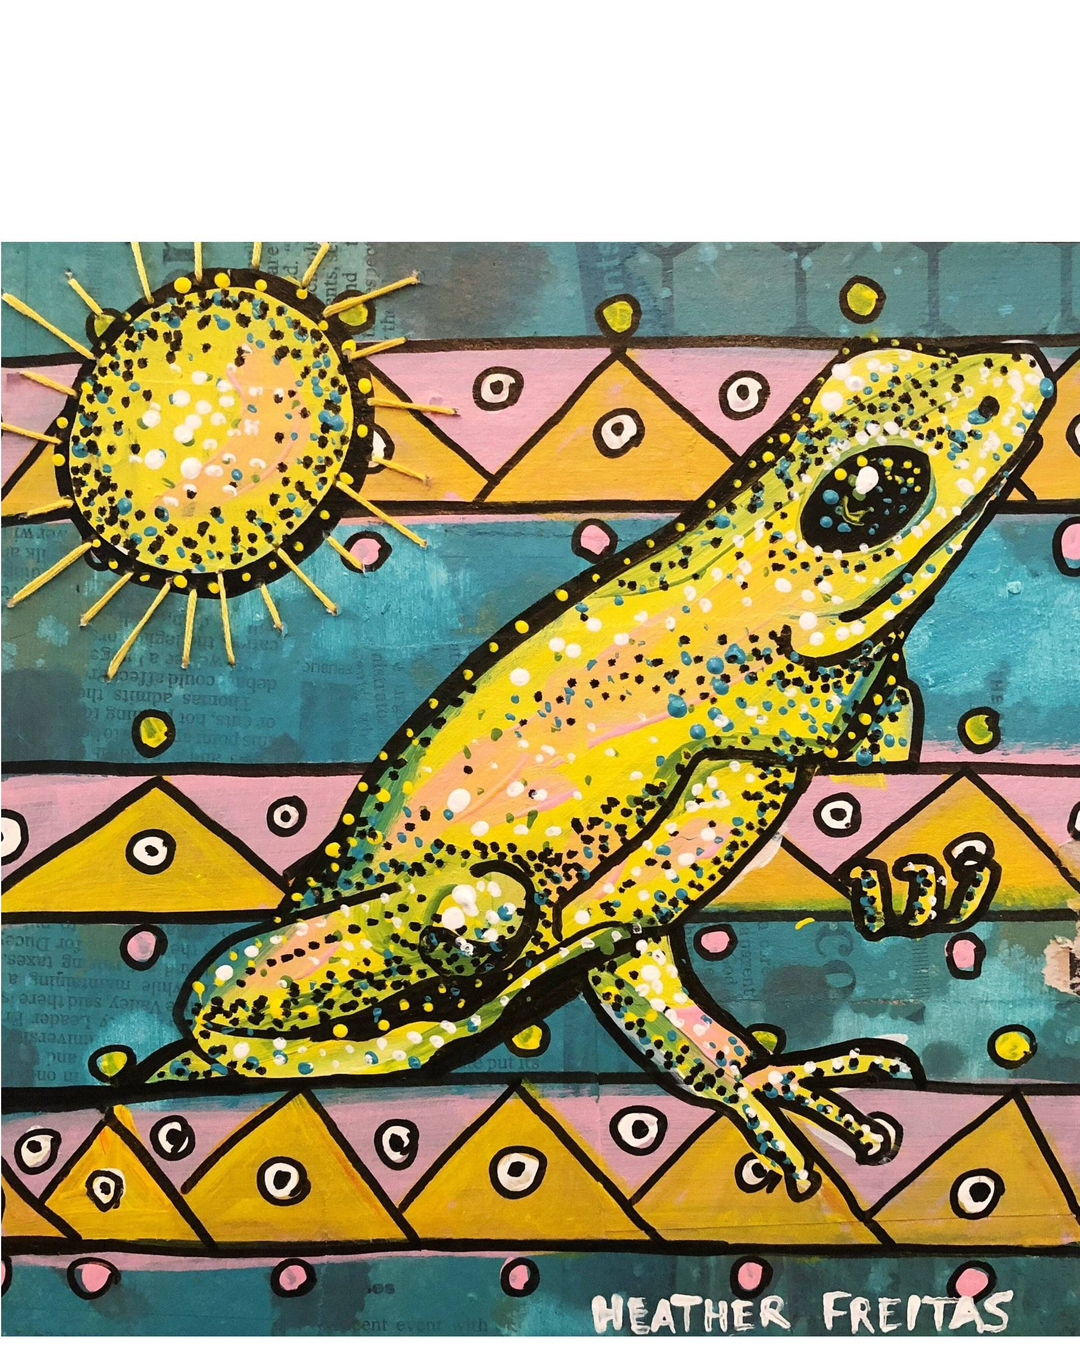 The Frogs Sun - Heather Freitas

-=-=-

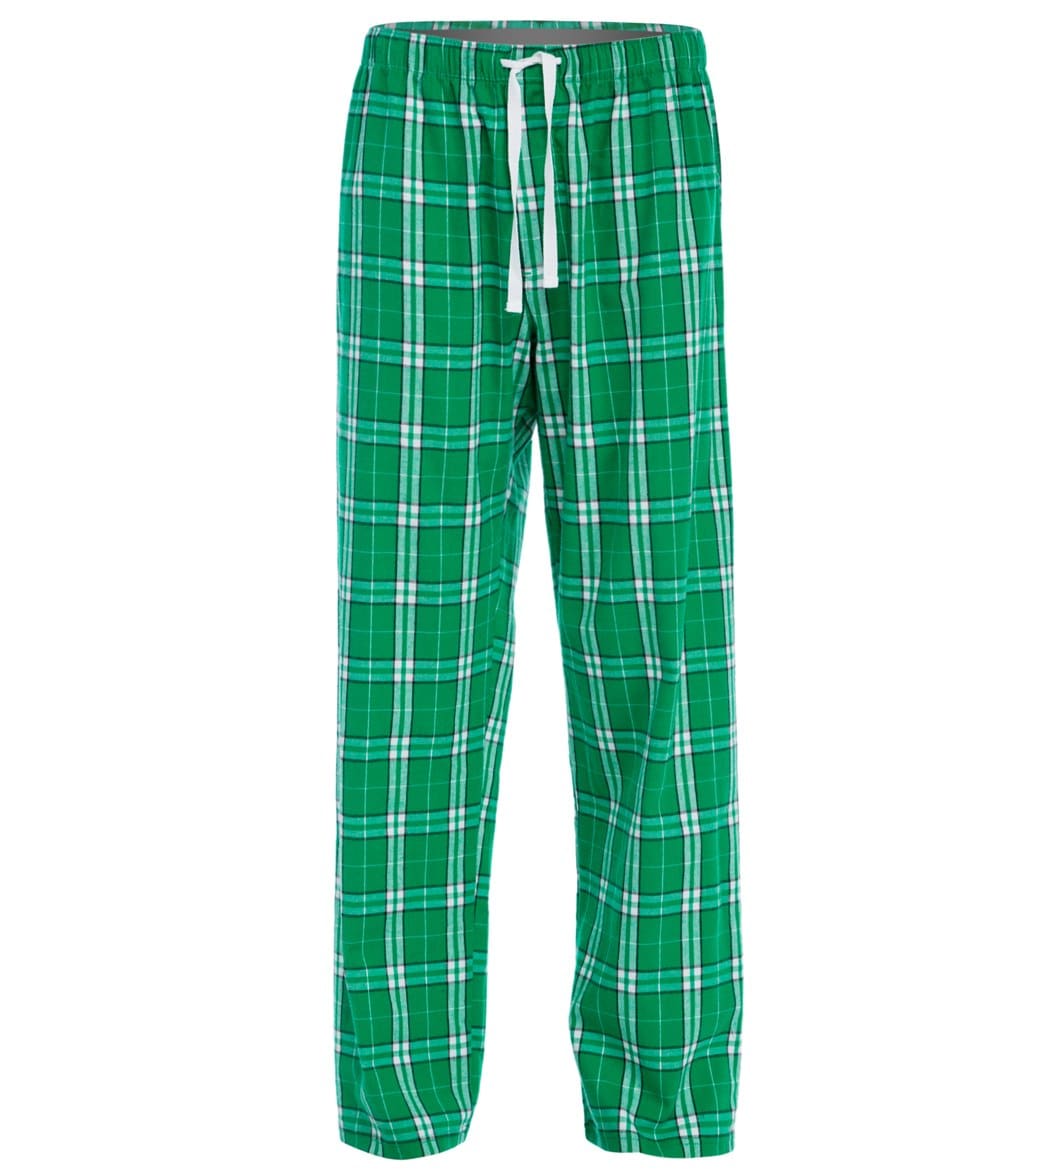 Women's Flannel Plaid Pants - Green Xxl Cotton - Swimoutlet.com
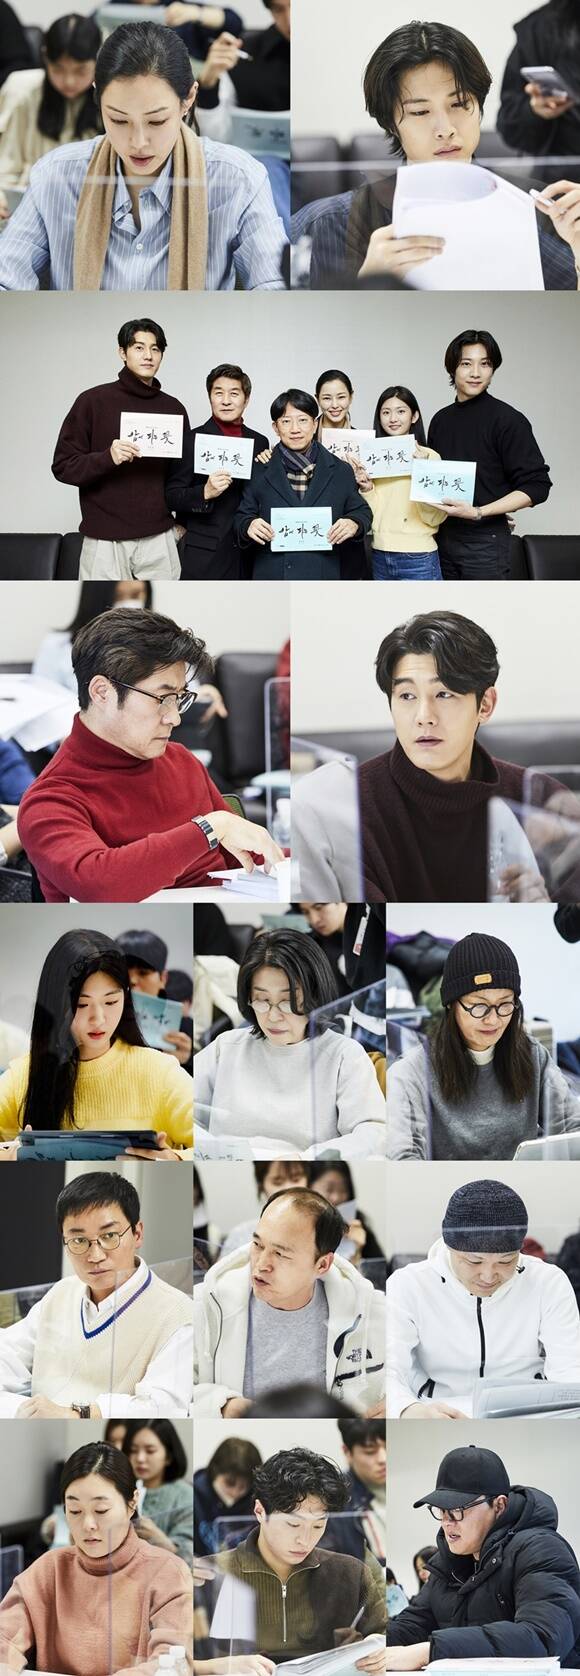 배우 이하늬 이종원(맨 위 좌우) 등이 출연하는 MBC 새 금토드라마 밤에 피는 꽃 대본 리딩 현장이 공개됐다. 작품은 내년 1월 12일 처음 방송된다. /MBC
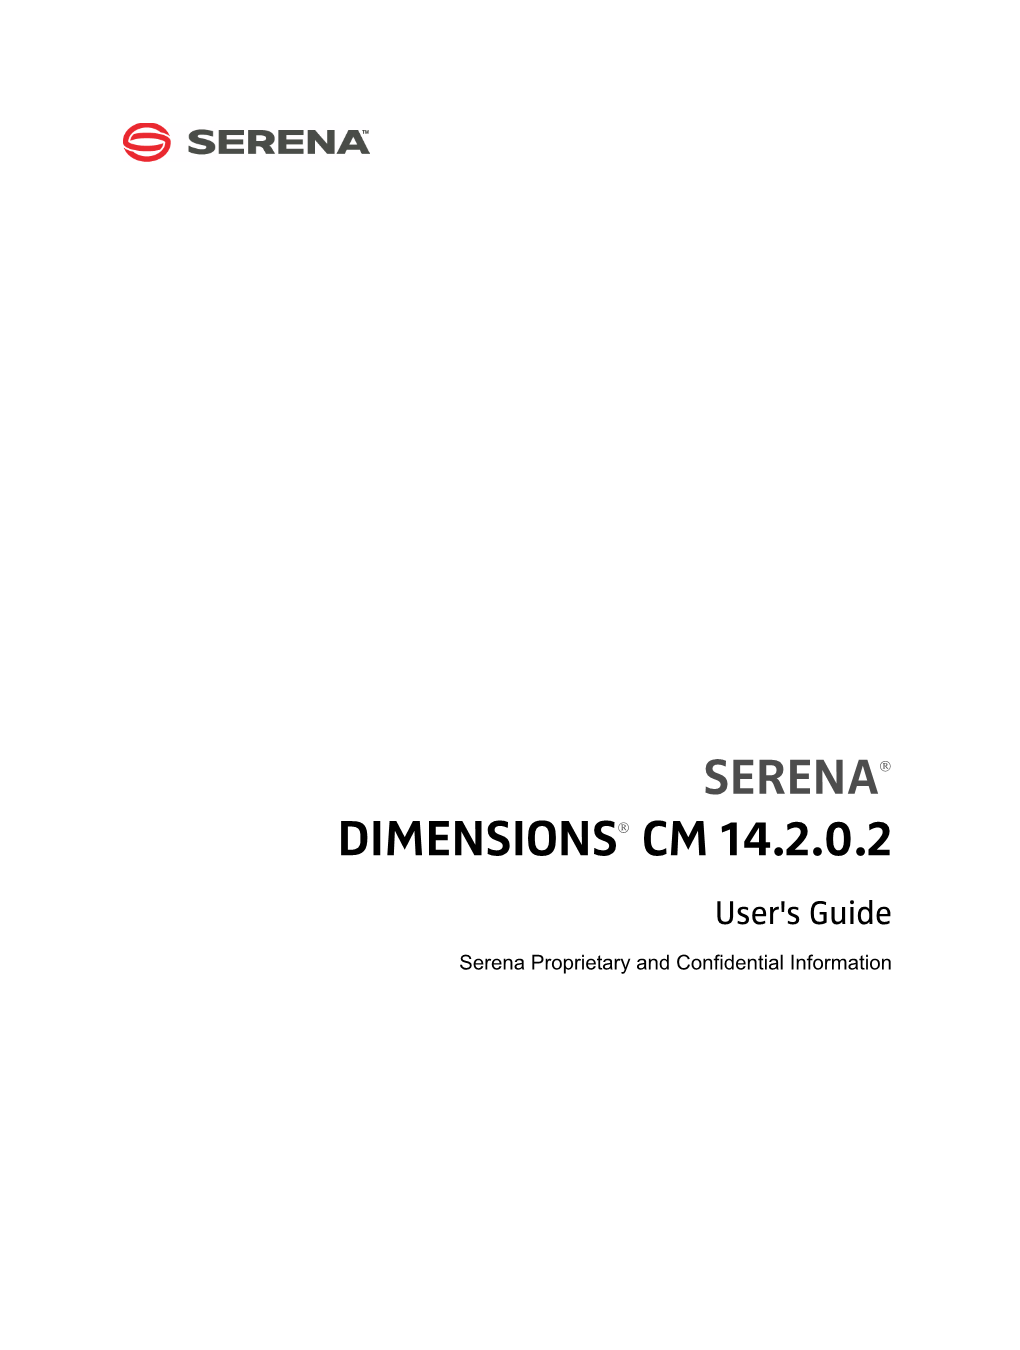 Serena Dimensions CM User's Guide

-=-=-

▶ [Your goal]
The lines above from the line with "배우 이하늬 이종원(맨" through the line with "Serena Dimensions CM User's Guide" are to be given again word for word, with no pictures among them.

▶ [Solution to the exercise]
 배우 이하늬 이종원(맨 위 좌우) 등이 출연하는 MBC 새 금토드라마 밤에 피는 꽃 대본 리딩 현장이 공개됐다. 작품은 내년 1월 12일 처음 방송된다. /MBC
 Serena Dimensions CM User's Guide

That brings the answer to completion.